Gasbarro, a practising lawyer for many years, was a member of the Rhode Bar Association until 1995, but his real enthusiasm was for wine.

Gasbarro’s, in Providence, Rhode Island, was founded in 1898 by his grandfather Antonio Gasbarro, an Italian immigrant.

Lom Gasbarro liked to say his store carried the largest selection of Italian wines in the United States. He reckoned he featured about 900 different Italian labels in his store and enjoyed searching out wines from lesser-known areas of Italy, such as the island of Ischia, off Naples, and Pantelleria of Sicily.

He was recognized in 1999 by Wine Spectator magazine as one of the top 10 wine retailers in the country.

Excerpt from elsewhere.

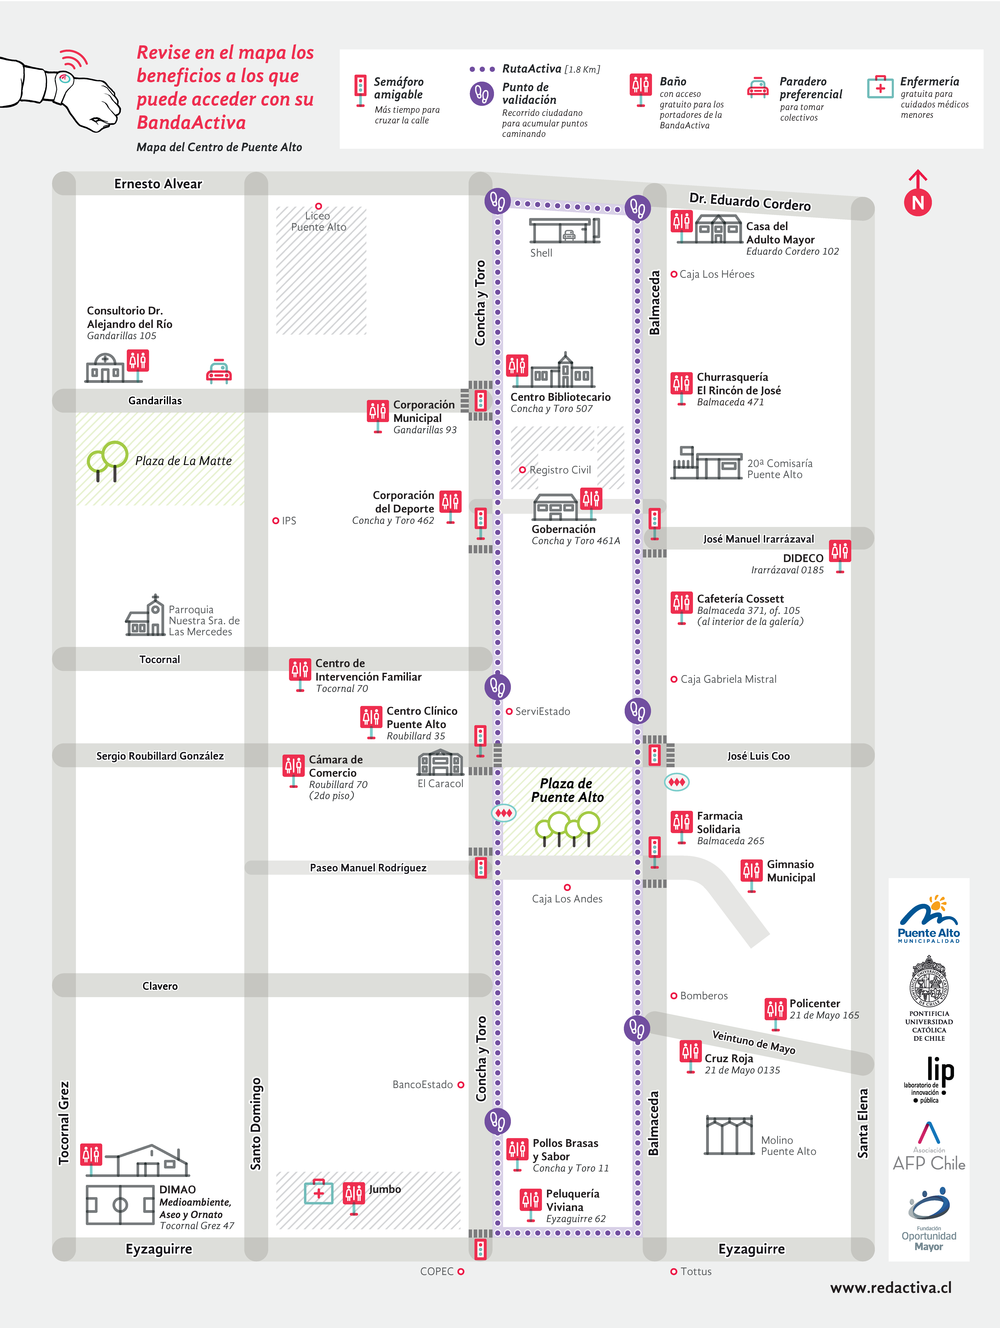 Mapa_redactiva.png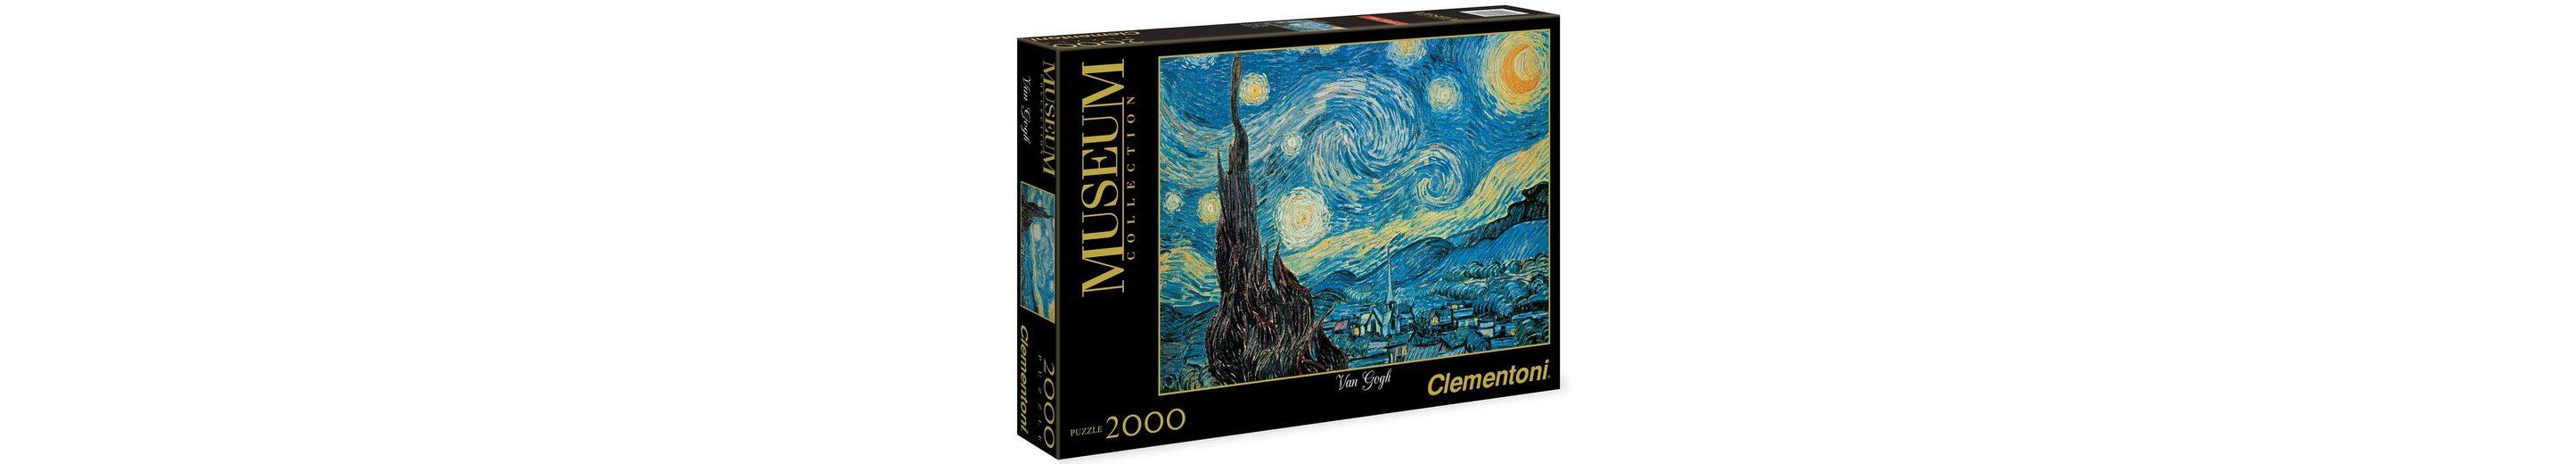 Clementoni Puzzle, 2000 Teile, »Van Gogh - Sternennacht«

Gasbarro knew his customers. He paid particular attention to old favourites like the 100-year-old woman who drank a light-red wine that came in a bottle with a screw cap. She would only order her wine from him, he said, and he once joked that when he died she would only speak to his son.

A jovial man with a good sense of humour, he considered wine magazines over-rated in many ways. ‘I’ve come to the conclusion that these wine gurus who write for influential wine magazines think of themselves as gods. They’ve become far too influential,’ he once said.

He leaves his wife Sandra Migliaccio and three sons, Lombard, Thomas and Mark.